勤務表作成においてスタッフの希望をとる場合、「休みの希望」をとるケースと「勤務の希望」を取るケースがあります。前者の場合、「休み希望は月2日まで」とし希望は100%通すという看護部もあり、これなら一定の公平感はあります。後者の場合、「夜勤希望も含めて月5日まで(うち休み希望は3日まで)」といった複合型のケースもあります。
休みではなく「勤務の希望」をとる場合であっても、師長さんアンケートにあるように、「土日祝日は当直にあたらないことを見越し、月曜日もしくは金曜日に年休を希望し連休とし、特定のスタッフが毎月、土日祝に希望休を入力する」といったスタッフはどこにでもいます。私の顧問先病院の看護部でも「勤務の希望」をとりますが、「明け+公休」となることを見越して、土日が休みになるように夜勤の希望を入れてくるスタッフもいるようですが、これは仕方のないことです。

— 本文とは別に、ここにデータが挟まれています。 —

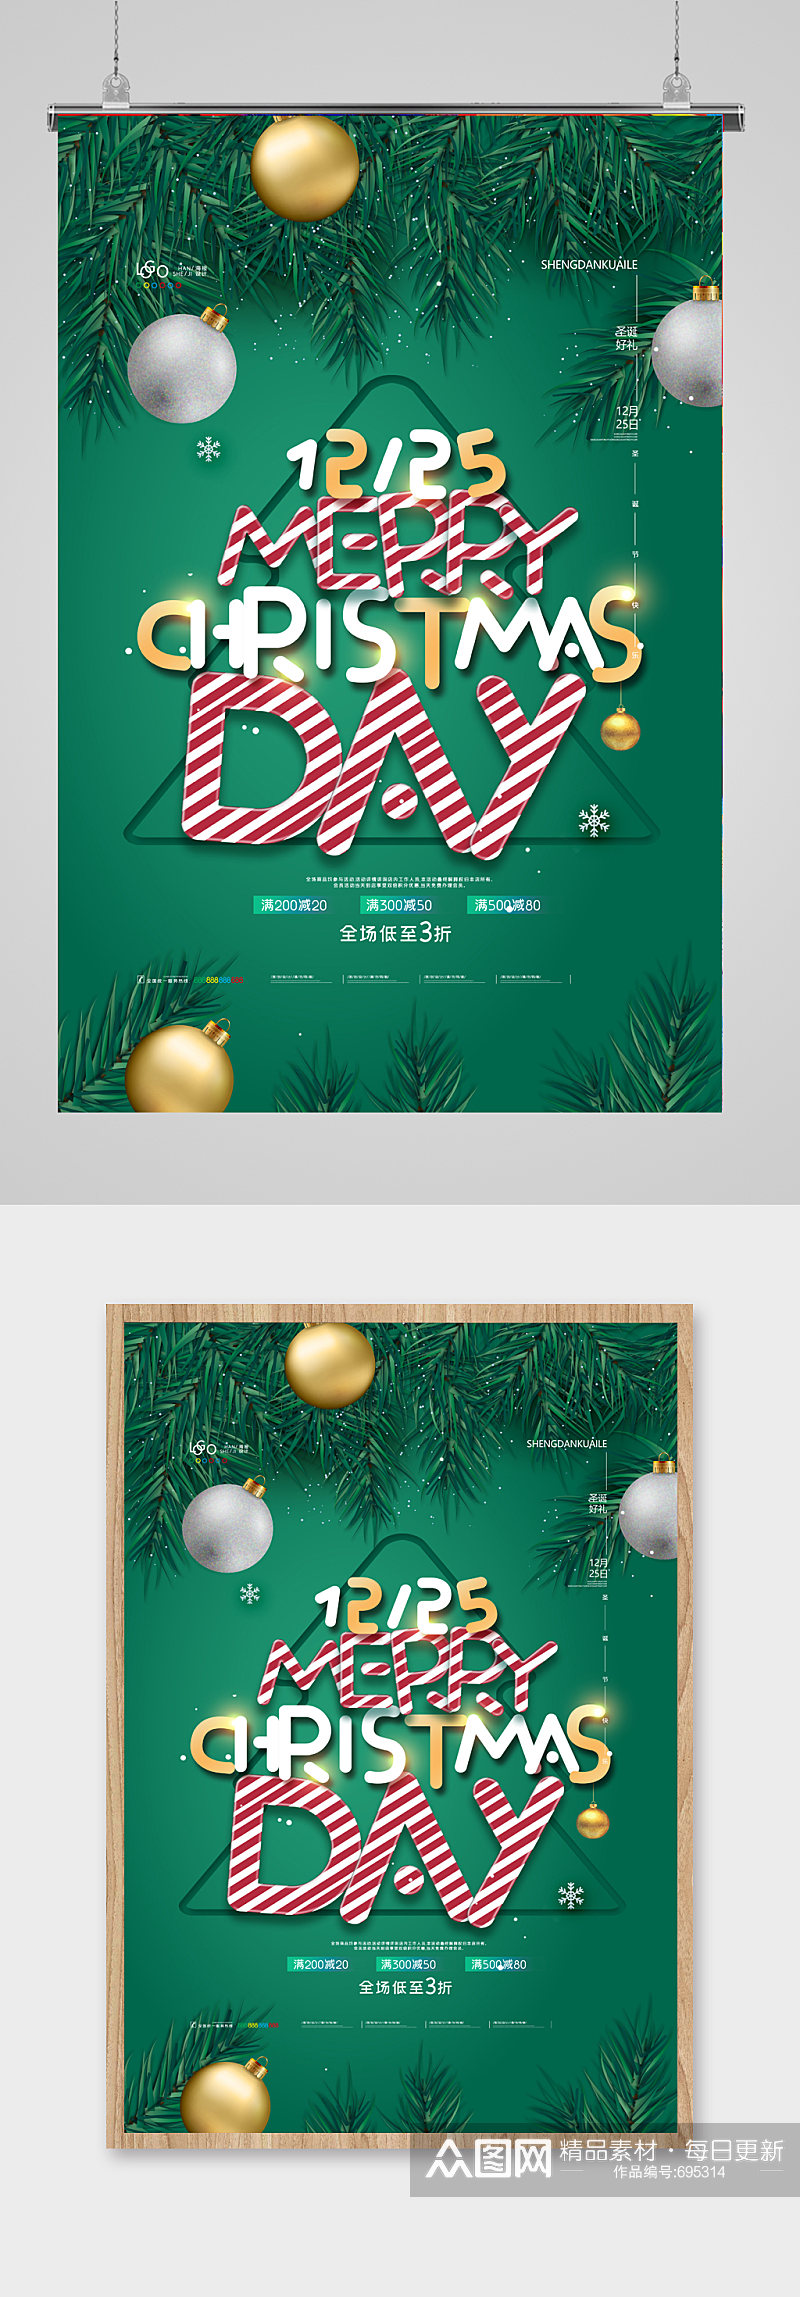 简约时尚圣诞节海报圣诞节商场促销海报素材

勤務表への希望はスタッフそれぞれ。スタッフの年齢やライフスタイルによって勤務に求めることも違います。子育てなどライフステージによって優先すべきものが変わるのですからそれは当然のこと。長期休暇が欲しいスタッフもいれば短期休日の回数増を望むスタッフもいます。土日よりも平日に休みが欲しいスタッフもいて、それぞれのニーズを把握しておくことが大事でしょう。
『「みんな平等」はスタッフの満足ではなく、作る側の自己満足では』。親交のあるとある病院の看護部長さんが以前おしゃっていた言葉を思い出します。
このほか、Part 2「労働時間のマネジメント」では、スタッフへの時間管理の意識づけ、委員会や看護研究、自己研鑽について師長さんたちとディスカッションをしましたが、かなりヘビーな、そして講師としても有意義な3時間半となりました。